The flights in 1950 carried mainly personnel and special freight, with mail for the Royal Canadian Navy destroyers when mail bags were ready.  A MATS C-54 could only carry 7500-8500 lbs, while a North Star could carry 10,000.  MATS put this capability to good use.  Initially, flights were scheduled at the rate of one per day, but only 426 Squadron was able to meet that standard helped by the fact that 12 North Stars were on strength by October 1950.  As MATS started returning its Berlin Airlift aircraft to service and as new aircraft were coming on line, the requirement to maintain one flight a day was reduced to 17 a month in February 1951, and then to 10 a month in June 1952.

The flights to Japan were not easy.  Icing was a problem for most of the year, while the Aleutians chain is also subject to dense fog on a more frequent basis than almost any other place on earth.  Landings at Shemya were almost always under Ground Controlled Approach, and in winter had the additional hazard of strong winds.  The route also took 426 Squadron close to the Soviet Union.  Soviet bases often spoofed or mimicked western air traffic controllers in an effort to divert flights, while the slightest error in navigation could put an aircraft over Soviet territorial waters, where an interception could legally have taken place and the aircraft forced to land in the Soviet Union.

Another problem was faulty charts.
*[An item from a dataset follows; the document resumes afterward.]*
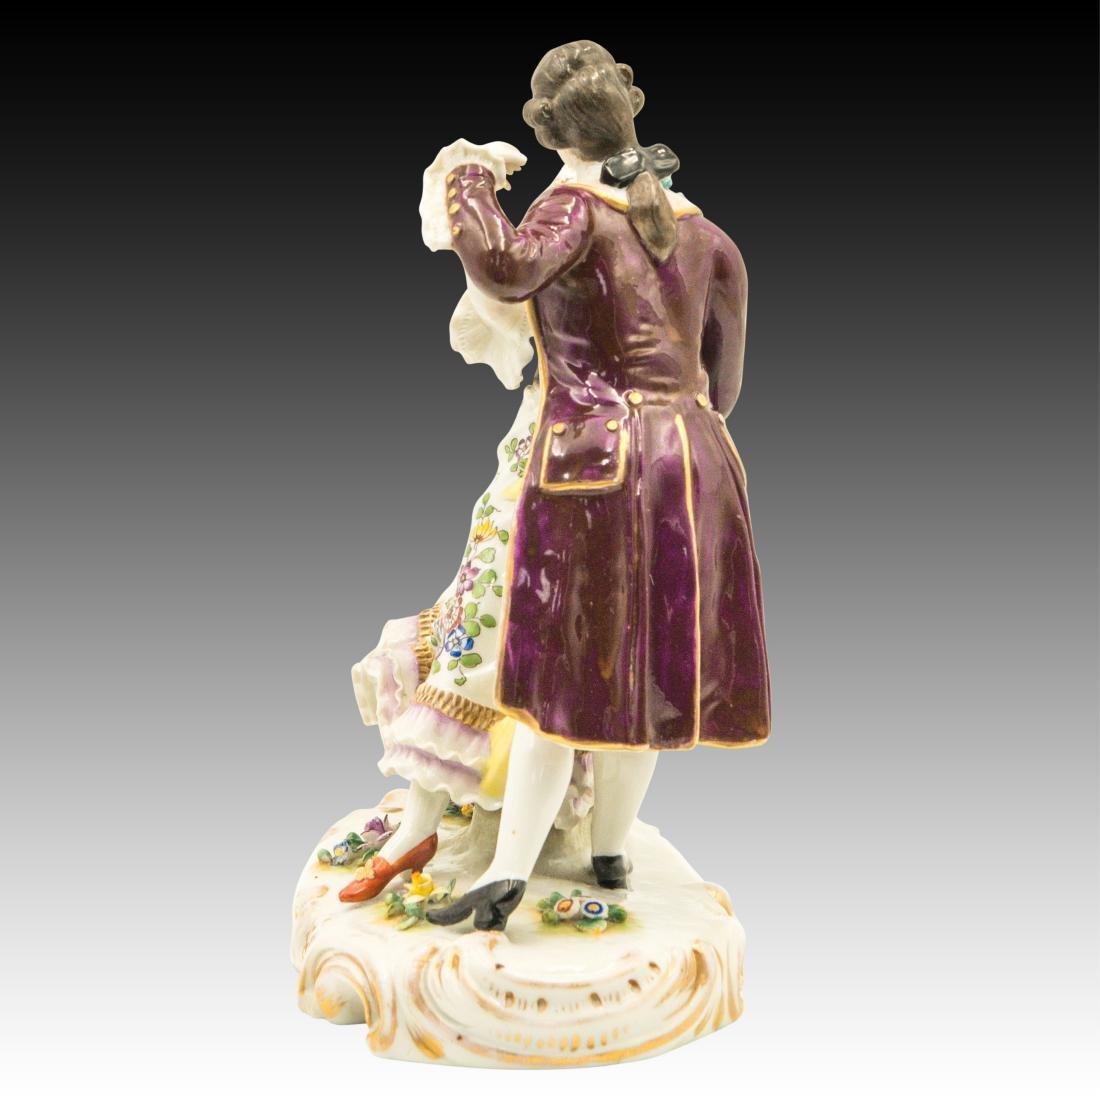 Sitzendorf French Style Dancing Couple Figurine - 2

On one occasion, for example a North Star landing at a Japanese airfield to which the squadron had not flown before clipped the top of a mountain, while descending through clouds because the information provided by the navigator was erroneous.  Despite all the risks, only one North Star crashed throughout the entire operation.  On 27 December 1953, while returning from Japan, the nose strut of a North Star fractured on landing in Shemya during a heavy snow storm with strong cross-winds and a snow-covered runway.  Although the aircraft slid into a gully and was a write-off, nobody was seriously injured.

RCAF North Stars flew to South Korea six times, five in 1951 and once in 1952.  All trips departed from Japan, landed in South Korea, and departed within a few hours.  On three occasions, this involved taking senior military personnel to meetings and twice bringing Christmas mail and goods to Canadian troops serving in Korea (1951 and 1952).

The long distance training and the self-reliance of the maintenance detachments that these Trans-Pacific flights provided were a valuable opportunity for the RCAF to train personnel. In March 1951, the RCAF began rotating personnel through the air and ground crew positions, thereby providing as many airmen with experience in this manner of operation as possible.

Although the Korean War ended with an armistice on July 1953, Operation Hawk continued, in part because no Western government was sure that the armistice would hold.  The operation was finally concluded on 25 May 1954 after more than 34,000 flying hours.  426 Squadron airlifted more than 13,300 personnel across the Pacific and carried more than 7,000,000 lbs of freight.  At least 764 personnel rotated through 426 Squadron.